As an Engineer - I'm not buying it. Wood expands/contracts orders of magnitude more than steel does - especially with humidity.

Steel isn't hygroscopic (water absorbant) - wood is.


----------



## mopac (Feb 24, 2011)

I don't know if the rails contract or expand, but I do know wood will contract or expand.
Here are some examples. I have a couple of interior doors that every winter they stick at the top when opening and closing them. Summer months no problems. I am putting new hardwood floors throughout the house and place I bought the flooring from said be sure and let the flooring sit 7 days inside to acclamate to the house before laying the floor.
That's so it will not contract or expand depending on house conditions.

Humidity is the problem. Not temp as stated earlier.

Your house is much drier in the winter.


----------



## MtRR75 (Nov 27, 2013)

mopac said:


> I don't know if the rails contract or expand, but I do know wood will contract or expand.
> I am putting new hardwood floors throughout the house and place I bought the flooring from said be sure and let the flooring sit 7 days inside to acclamate to the house before laying the


Also, flooring should not be installed right up to the wall. There must be a small gap to allow the floor to expand and contract. The gap is covered by the baseboards and/or quarter rounds. If you don't leave the gap, the floor will buckle.


----------



## gator do 65 (Jan 27, 2014)

Ok I see some of you folks are in the cold states as we debate this, could someone take a piece of 36" flex track and measure it at room temp first and let it sit out over night and then re-measure that should give an idea of the contraction! It's just a thought! 

I understand this does not address the buckling issue but in theory contraction could pull up an outside rail in a corner if it were soldered!


----------



## MtRR75 (Nov 27, 2013)

gator do 65 said:


> Ok I see some of you folks are in the cold states as we debate this, could someone take a piece of 36" flex track and measure it at room temp first and let it sit out over night and then re-measure that should give an idea of the contraction!
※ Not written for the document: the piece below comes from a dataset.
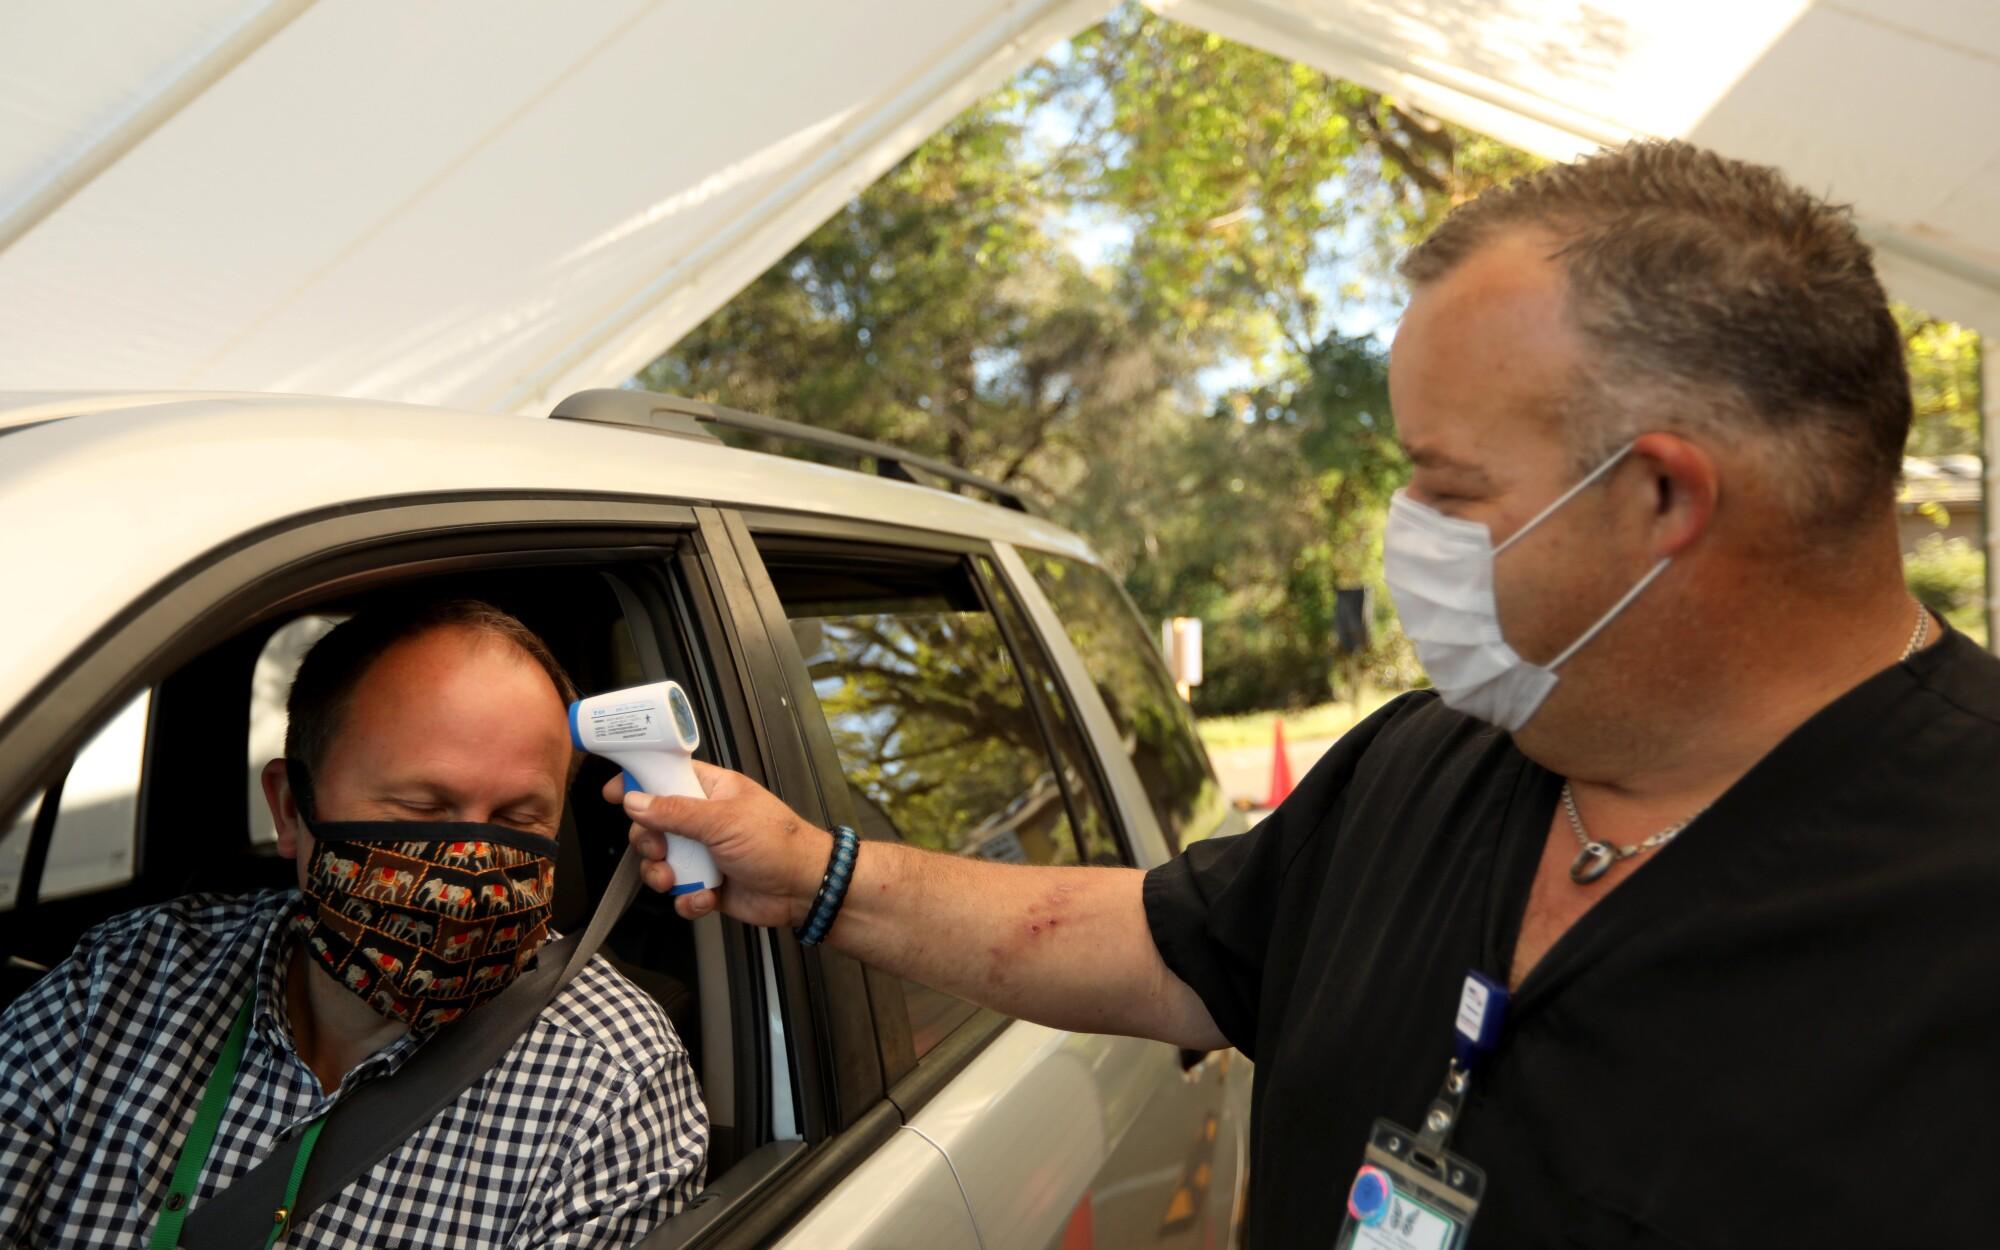 Matthew Matthiessen, CEO of John C. Fremont Hospital, has his temperature taken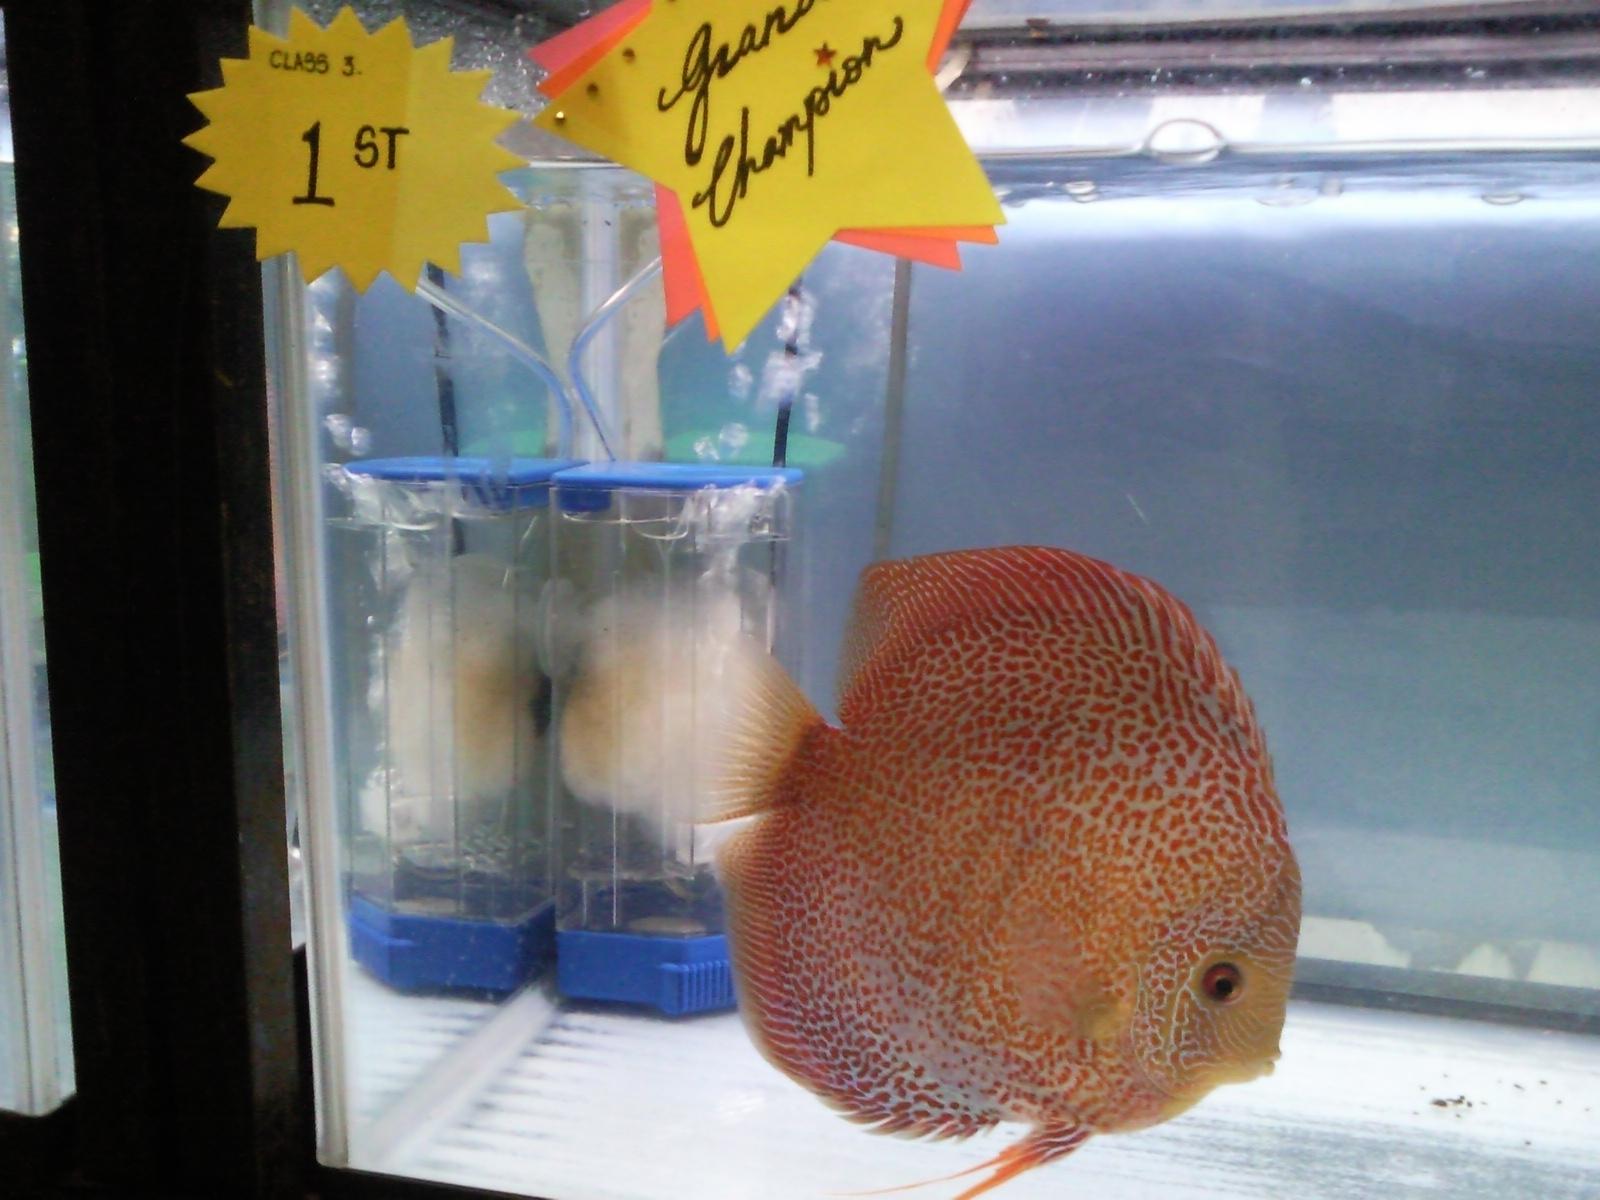 Tropical Fisher Man Fish Tanks And Aquarium CRS: Discus Club 12th ...

It's just a thought!


Before anybody tries this, what are you going to use to measure the track with? A steel tape perhaps? -- which is also made of metal -- and if the metal is going to expand or contract, couldn't the tape be subject to the similar minor changes in length?


----------



## sstlaure (Oct 12, 2010)

Steel is used in many structural applications (concrete) to protect against shrinkage and temperature effect. 

Just read a heat treatment paper talking about a 0.08% length change during heat treatment - you're talking over a thousand degrees in this process. 

So 36" would become (36*1.0008)= 36.0288" - it's insignificant.

I don't see steel changing length with even a 100 degree swing.

The wood/etc that our layouts are built of DEFINITELY expand/contract with weather/humidity. Ever heard a house creaking? The wood flooring example above illustrates this perfectly - the wood needs room to expand/contract or it binds up.


Actually - even better:

Assume 20 degree swing:
Thermal Expansion Coefficient of Steel = 7.2*10^6 (or 0.0000072) (Amount steel expands with 1 degree increase of temp)

So 20* .0000072 = 0.000144
36" * 0.000144 = 0.005"
So a 36" piece of flextrack going through a 20 degree swing made of steel would grow 0.005" - or about 1/10 the thickness of an average human hair.

So even with a 100 degree temp swing - you're talking 0.025" - 1/2 the thickness of a human hair.


----------



## CTValleyRR (Jul 26, 2014)

sstlaure has this correct. A masterly analysis. Now, if you have 1000 feet of track in your layout, and no expansion joints, a one degree increase will change the length of the track by 0.0072 inches. 10 degrees by 0.072 and so on. Real railroads have trouble with heat expansion for two reasons: 1) they have hundreds of miles of rail, not a couple hundred feet, and 2) they have wooden ties (rails laid on concrete ties are very resistant to heat warping).

For an example closer to home, how many people have wooden doors in their houses that work perfectly in the winter and get stuck in the summer. Or have windows that work in summer and get all drafty in winter. Put another way, why do they also make doors out of fiberglass and steel.

Mythbusters not needed. Only facts. With all due respect to those who have been in the hobby 40+ years, they're wrong if they think the steel is the primary component of expansion and contraction.


----------